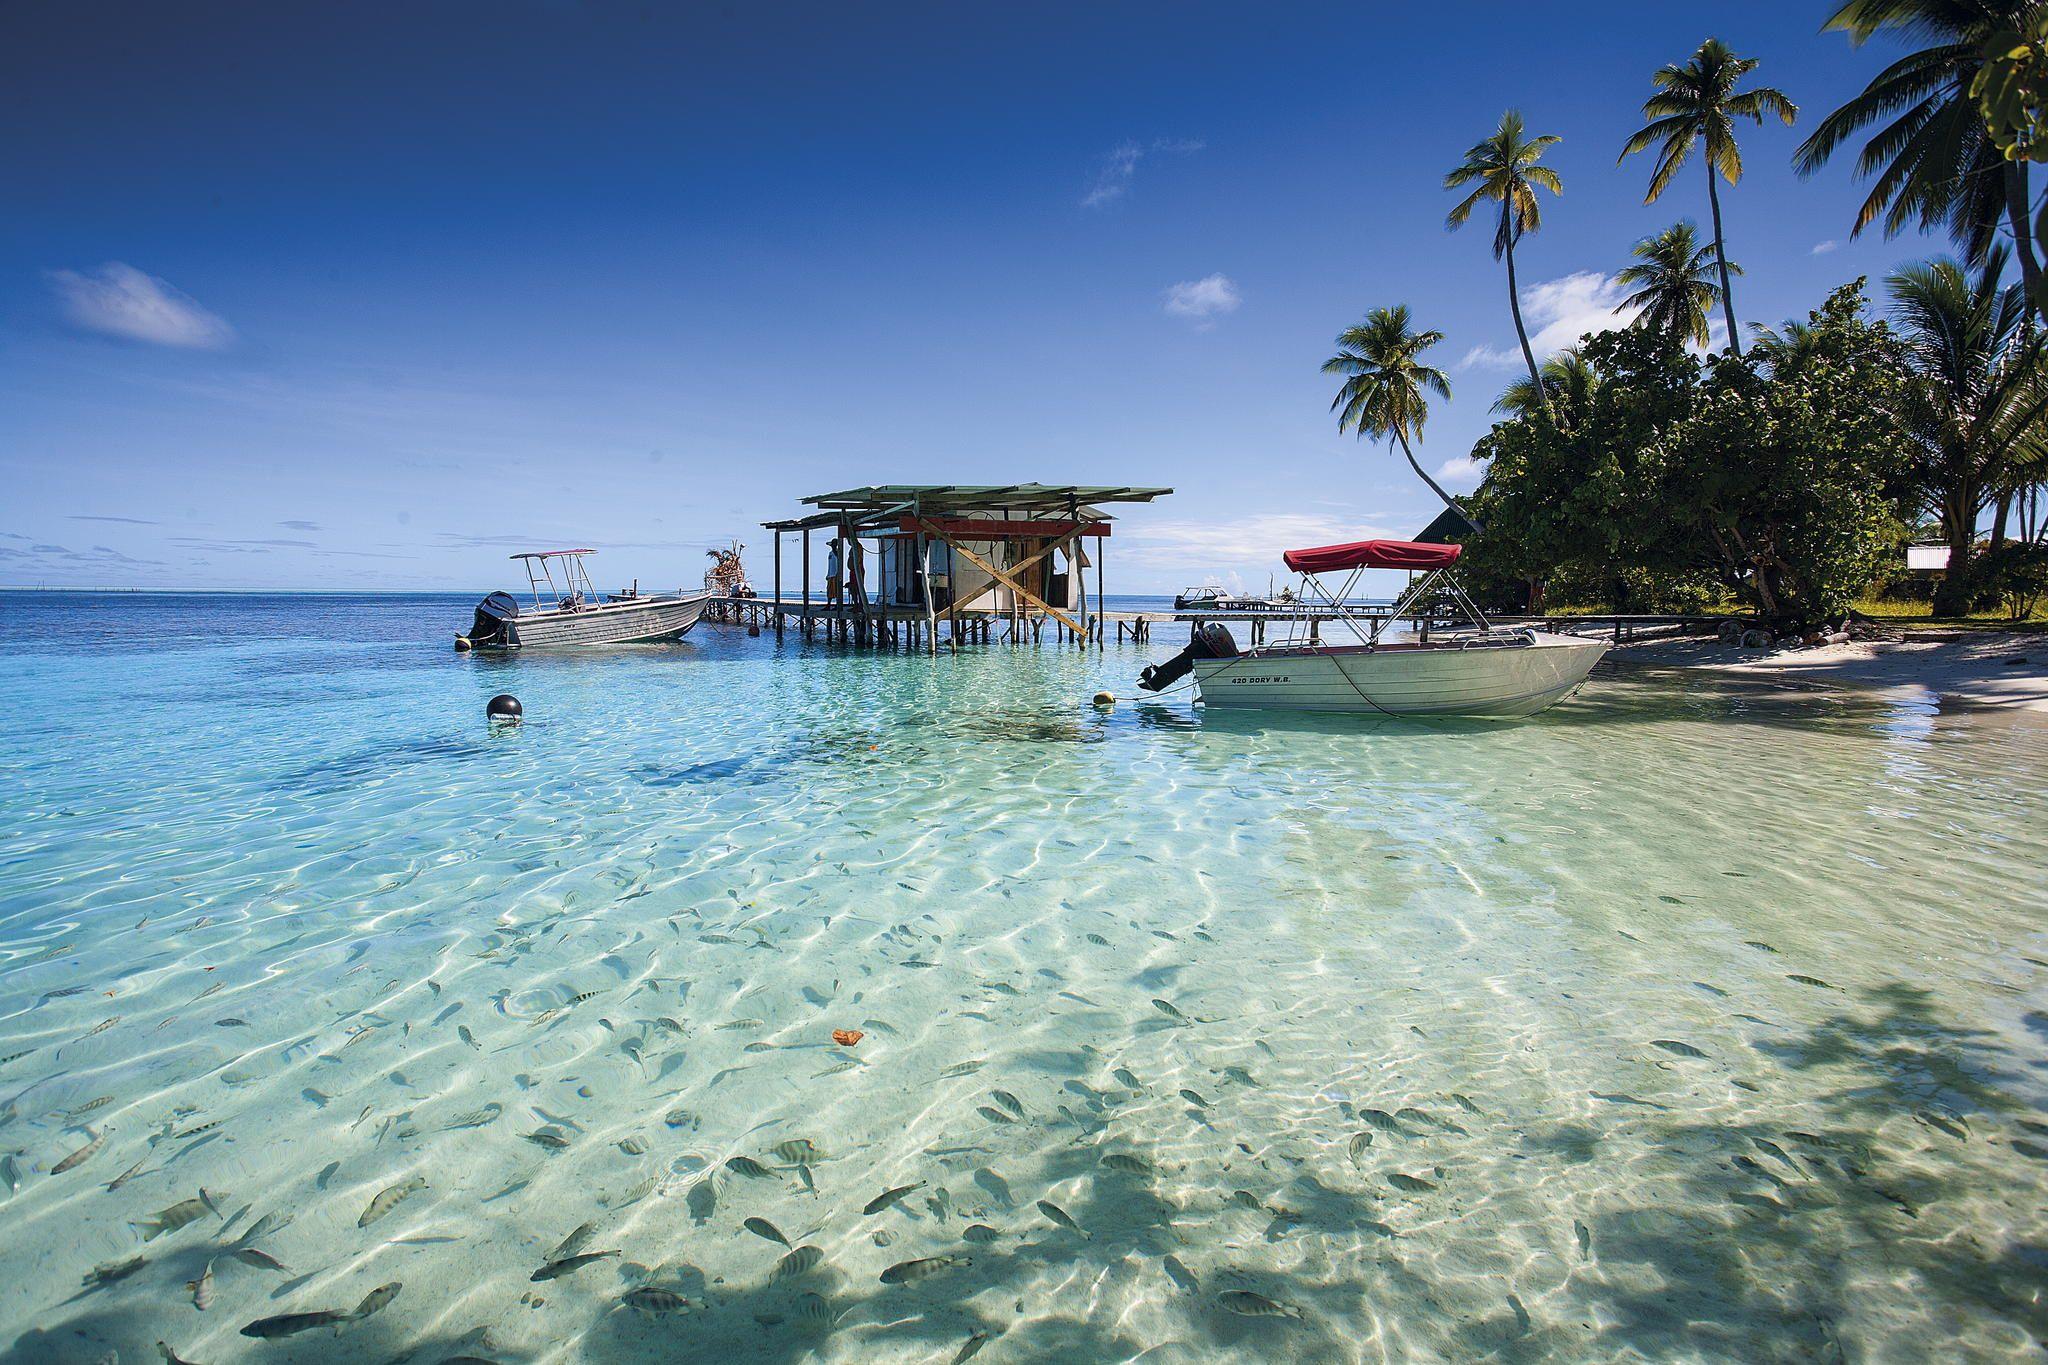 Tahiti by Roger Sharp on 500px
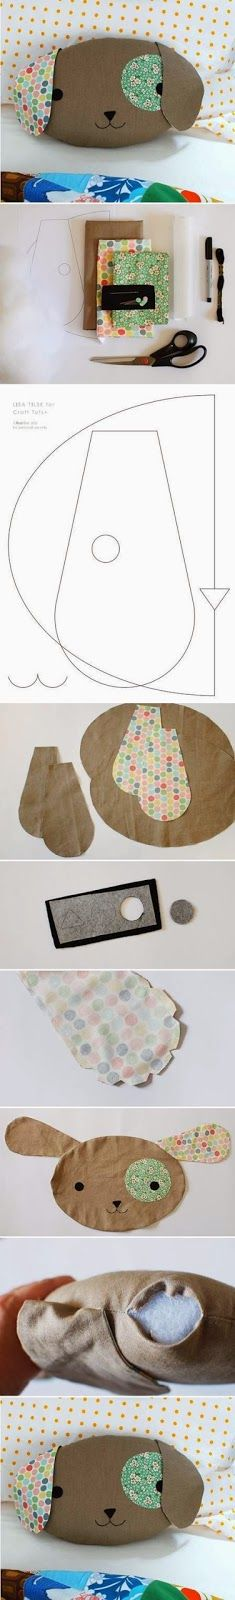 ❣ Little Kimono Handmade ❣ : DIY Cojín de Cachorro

---

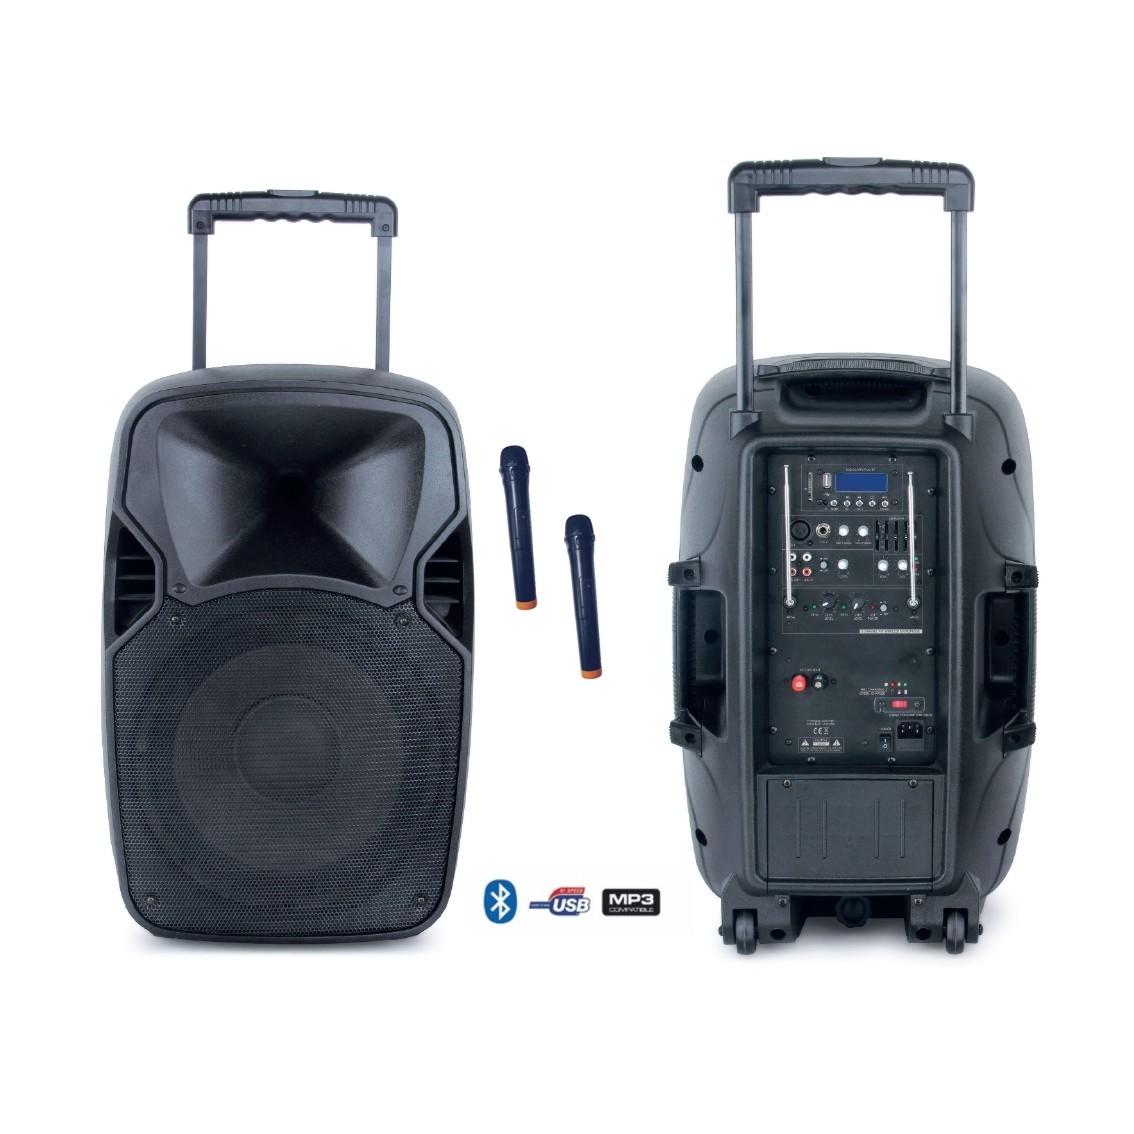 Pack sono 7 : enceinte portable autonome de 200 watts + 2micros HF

* * *

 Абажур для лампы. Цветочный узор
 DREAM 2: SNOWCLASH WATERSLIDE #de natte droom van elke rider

Exercise brief: Everything above from the line containing "Tahiti by Roger Sharp on 500px" through the line containing "Cojín de Cachorro" must be repeated exactly, and the pictures must be left out.

Response area:
 Tahiti by Roger Sharp on 500px
 ❣ Little Kimono Handmade ❣ : DIY Cojín de Cachorro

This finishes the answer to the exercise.